PROVIDED INFORMATION section start
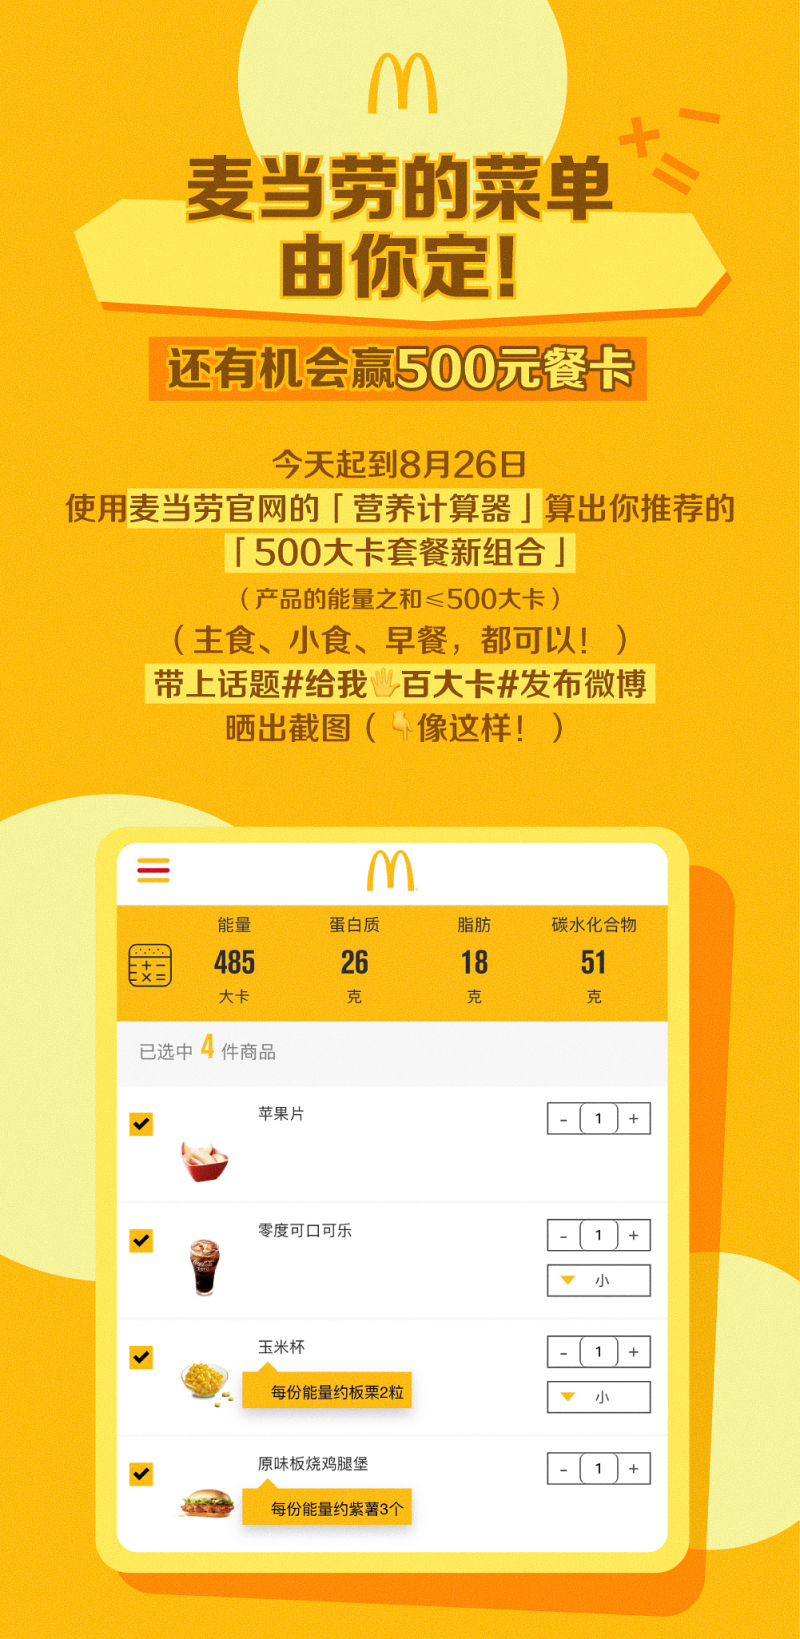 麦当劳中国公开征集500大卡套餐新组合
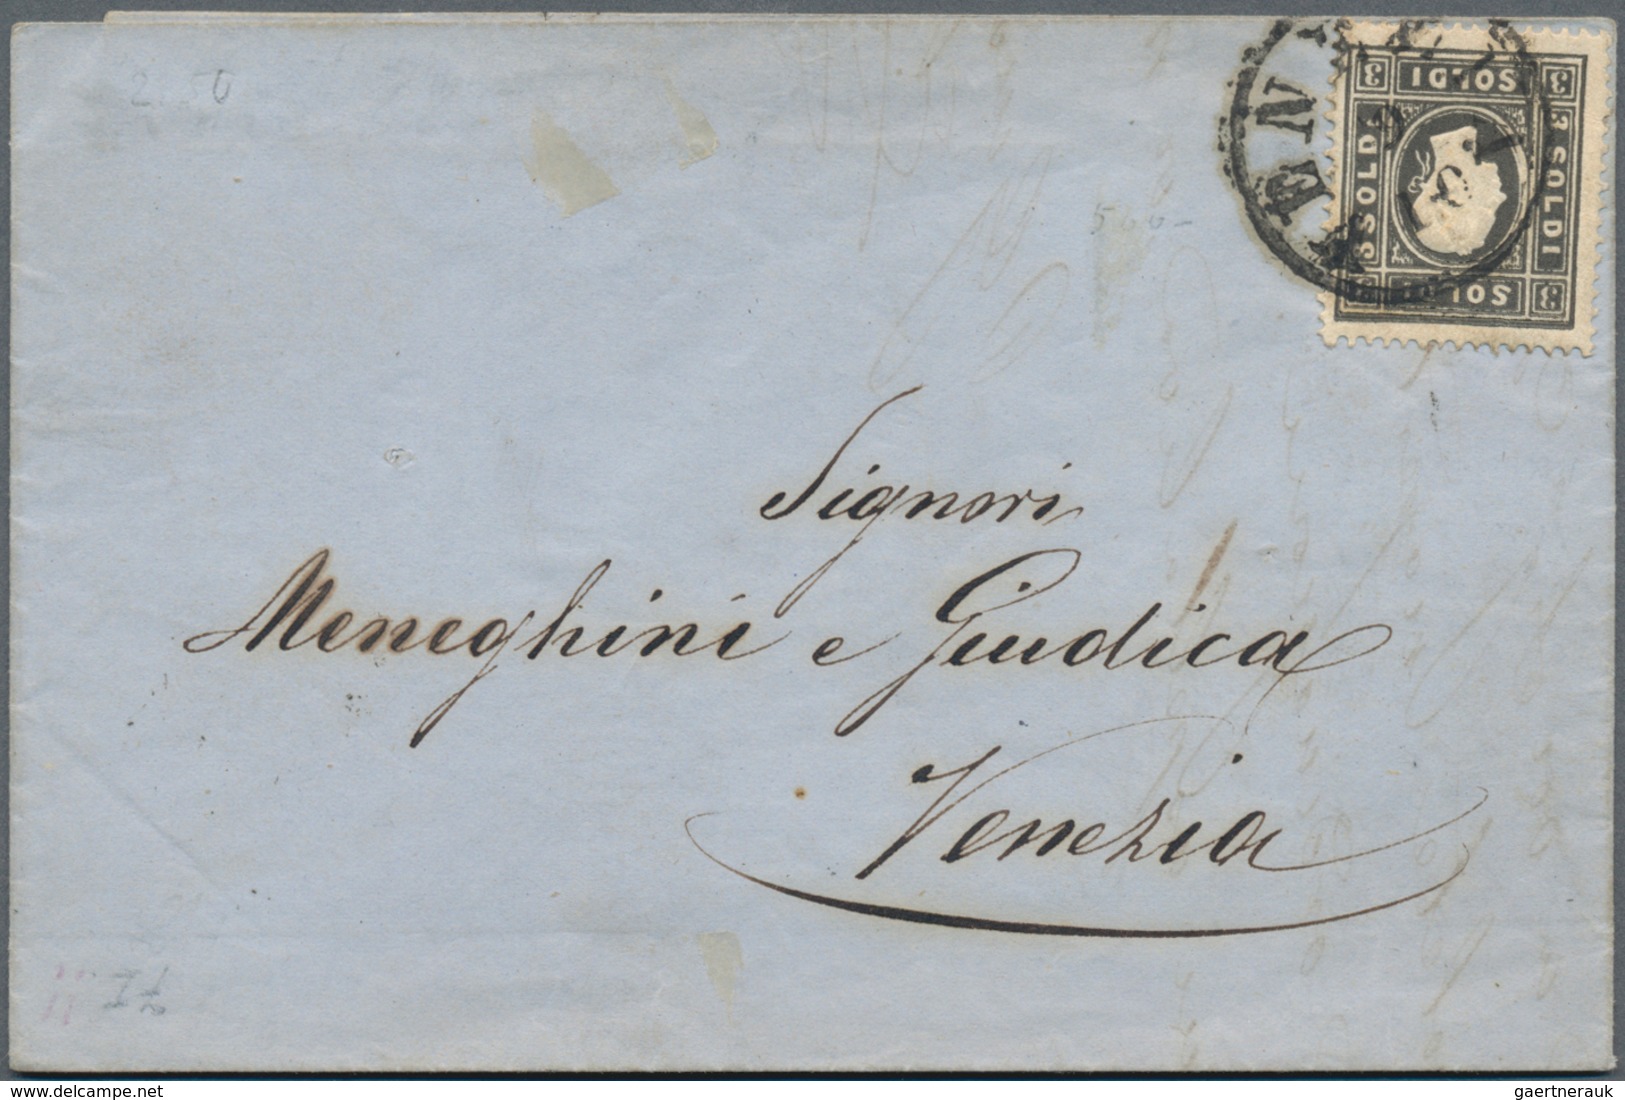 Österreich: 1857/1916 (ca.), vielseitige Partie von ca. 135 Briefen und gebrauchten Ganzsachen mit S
PROVIDED INFORMATION section end
PROVIDED INFORMATION section start
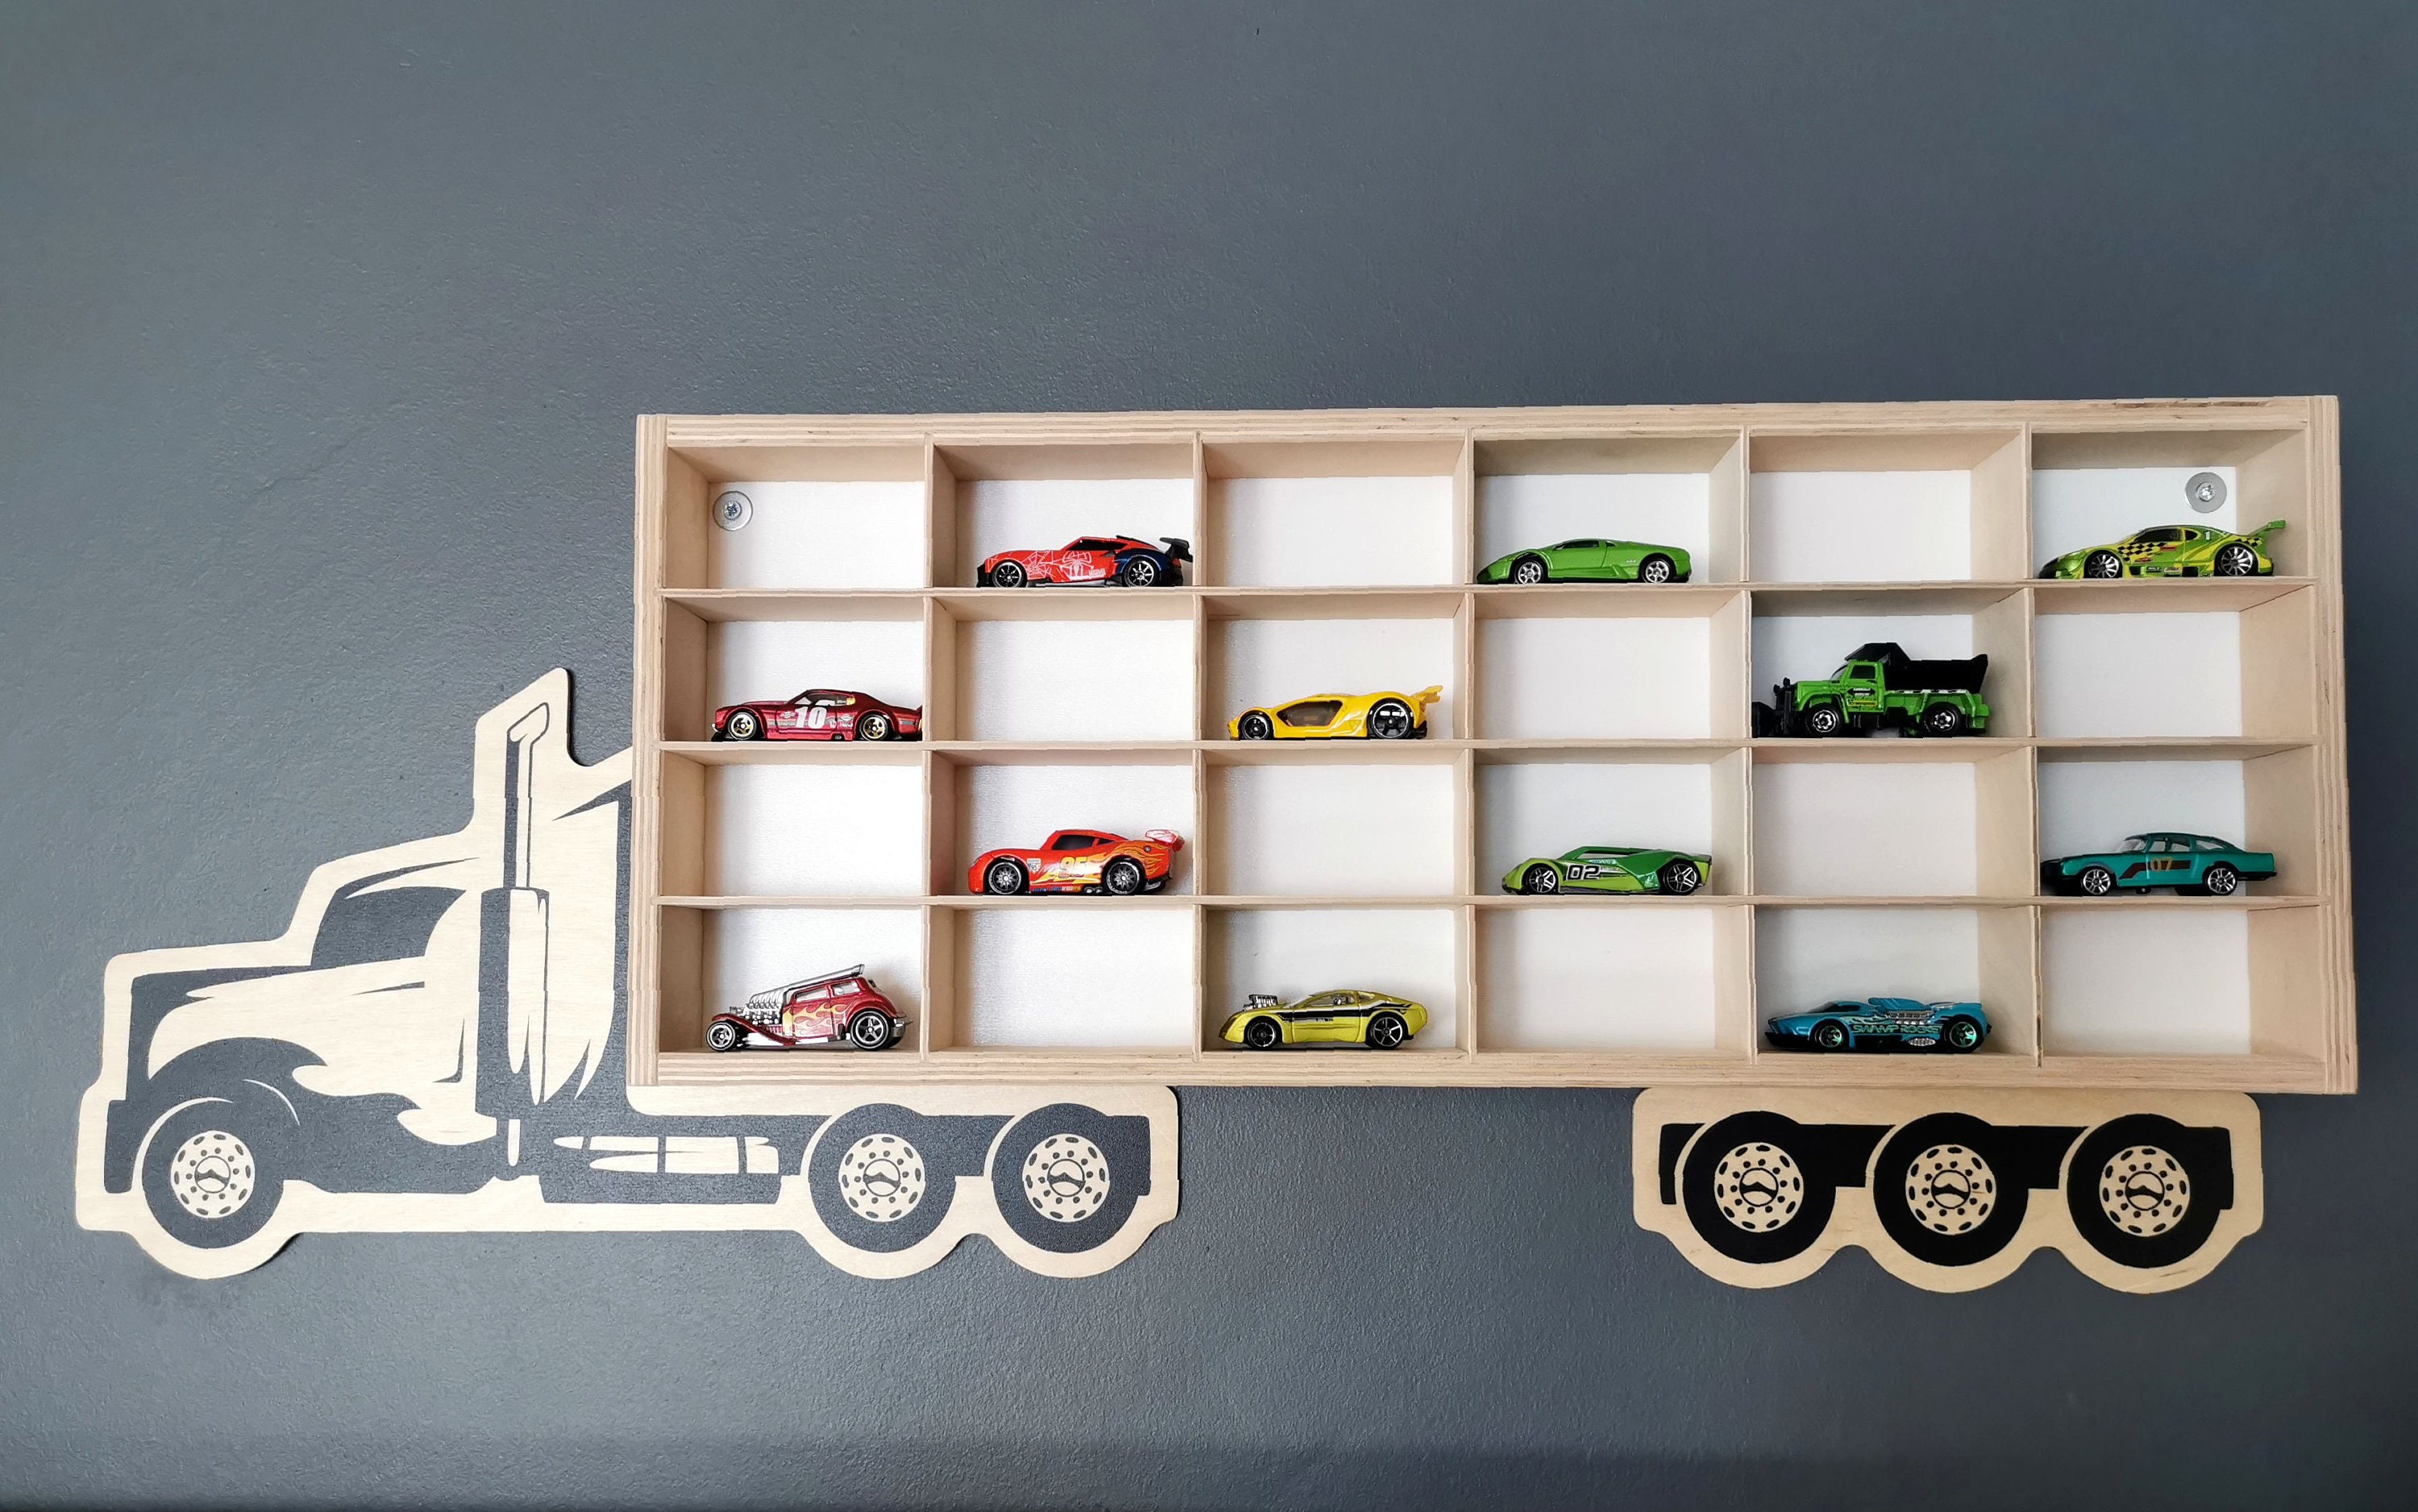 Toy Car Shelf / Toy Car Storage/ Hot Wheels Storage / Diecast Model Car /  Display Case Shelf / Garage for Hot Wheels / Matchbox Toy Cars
PROVIDED INFORMATION section end
§ **EXERCISE**
Here the job is to copy the stretch of records from the line containing "麦当劳中国公开征集500大卡套餐新组合" through the line containing "Österreich: 1857/1916 (ca.), vielseitige", word for word. Leave every picture out.

§ **OUTPUT**
 麦当劳中国公开征集500大卡套餐新组合
 Österreich: 1857/1916 (ca.), vielseitige Partie von ca. 135 Briefen und gebrauchten Ganzsachen mit S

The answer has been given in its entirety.